Your task: Take nothing but the lines from the one with "The facade of" through the one with "Luxury royal wing" in the entries below, both ends kept, and return them exactly with pictures left out.

Input material:
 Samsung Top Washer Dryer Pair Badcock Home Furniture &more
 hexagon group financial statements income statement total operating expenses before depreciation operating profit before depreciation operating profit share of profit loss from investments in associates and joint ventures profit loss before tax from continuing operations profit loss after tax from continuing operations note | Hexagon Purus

--

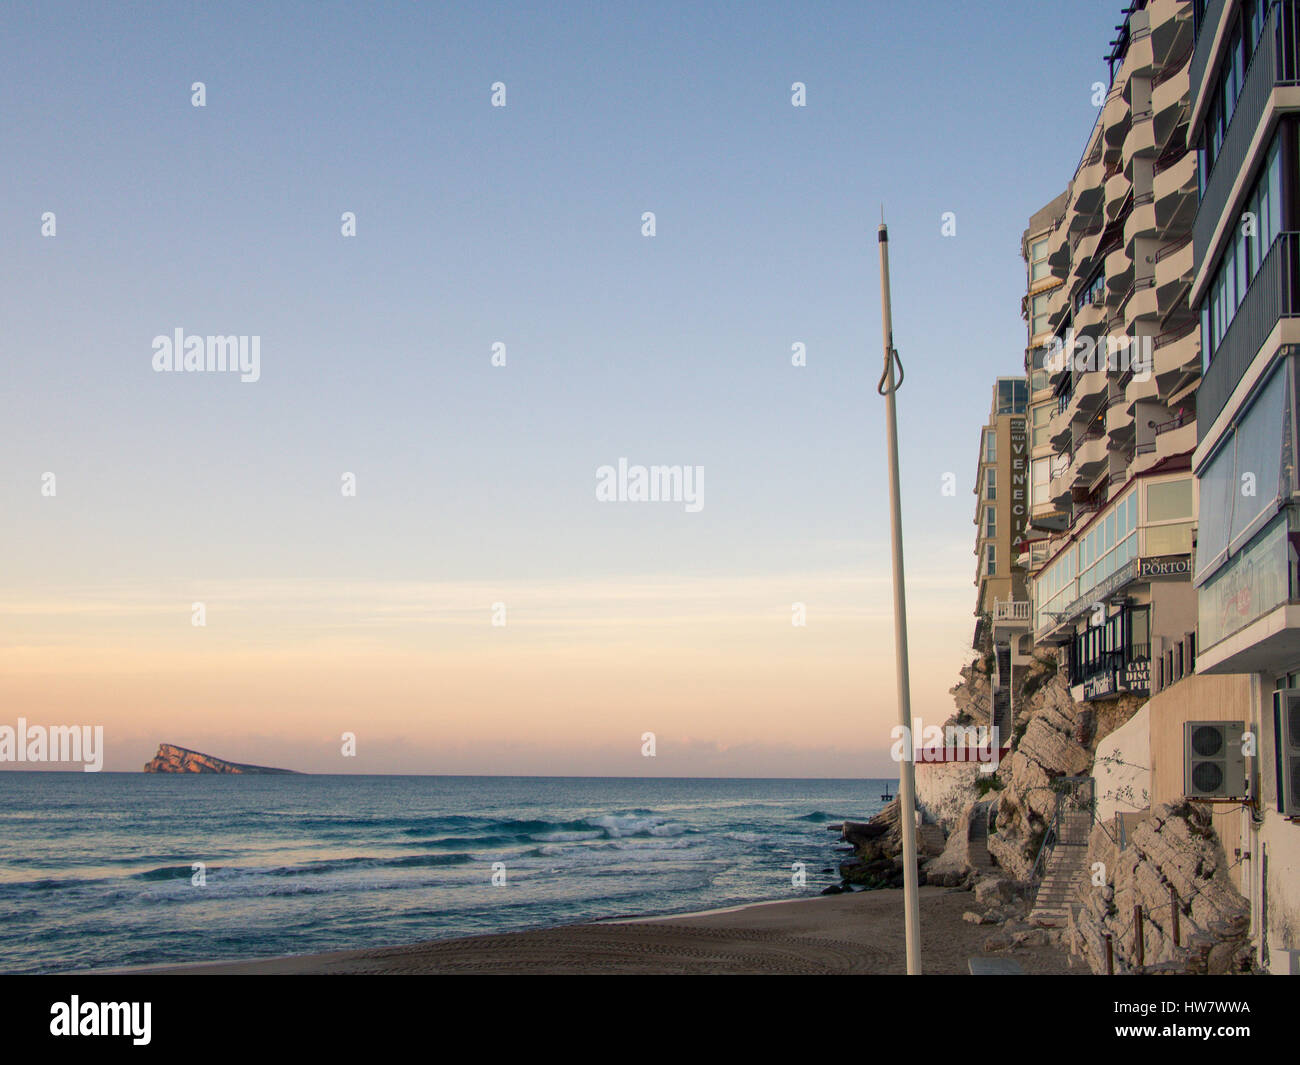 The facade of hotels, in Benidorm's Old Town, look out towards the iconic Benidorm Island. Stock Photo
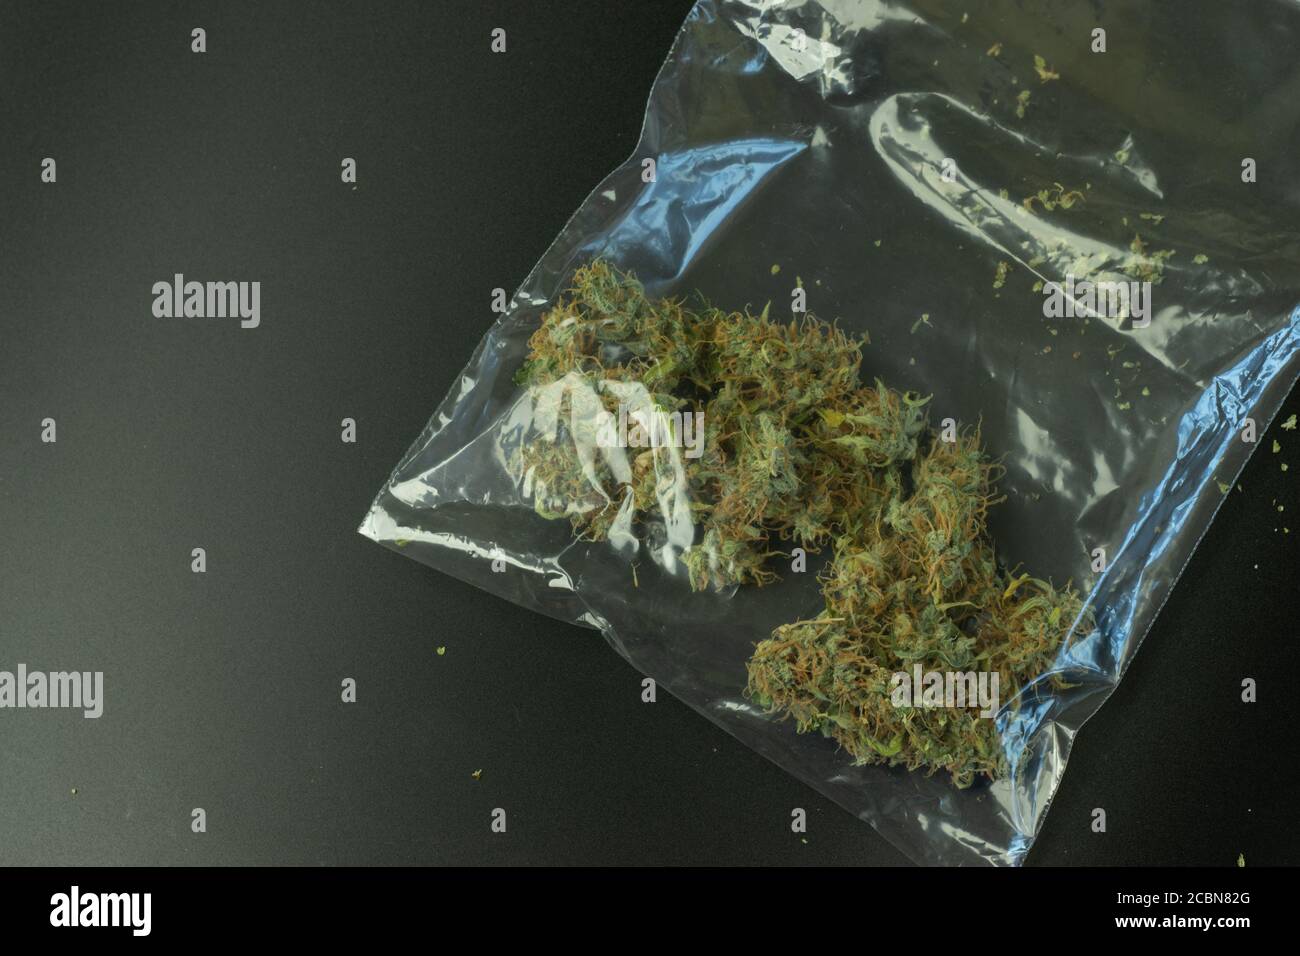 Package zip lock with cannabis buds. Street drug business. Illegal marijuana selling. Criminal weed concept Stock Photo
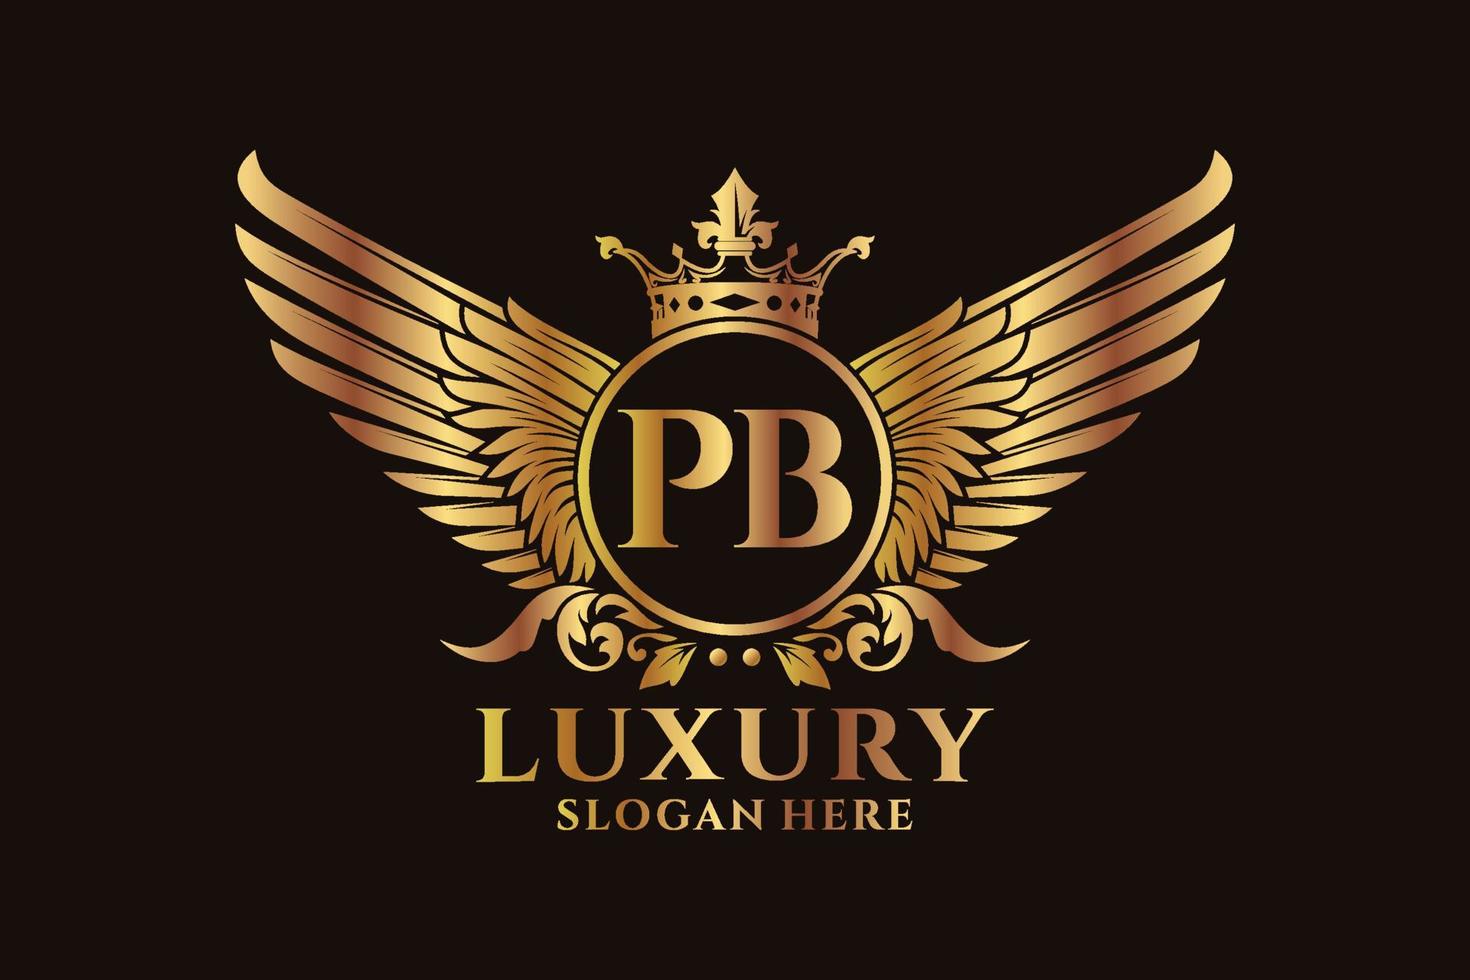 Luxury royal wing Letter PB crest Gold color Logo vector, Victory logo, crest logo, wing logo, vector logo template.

---

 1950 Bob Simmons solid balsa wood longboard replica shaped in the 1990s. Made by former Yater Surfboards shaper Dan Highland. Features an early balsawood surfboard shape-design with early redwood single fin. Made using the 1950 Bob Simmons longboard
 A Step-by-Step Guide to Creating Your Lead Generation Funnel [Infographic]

Solution to this task:
 The facade of hotels, in Benidorm's Old Town, look out towards the iconic Benidorm Island. Stock Photo
 Package zip lock with cannabis buds. Street drug business. Illegal marijuana selling. Criminal weed concept Stock Photo
 Luxury royal wing Letter PB crest Gold color Logo vector, Victory logo, crest logo, wing logo, vector logo template.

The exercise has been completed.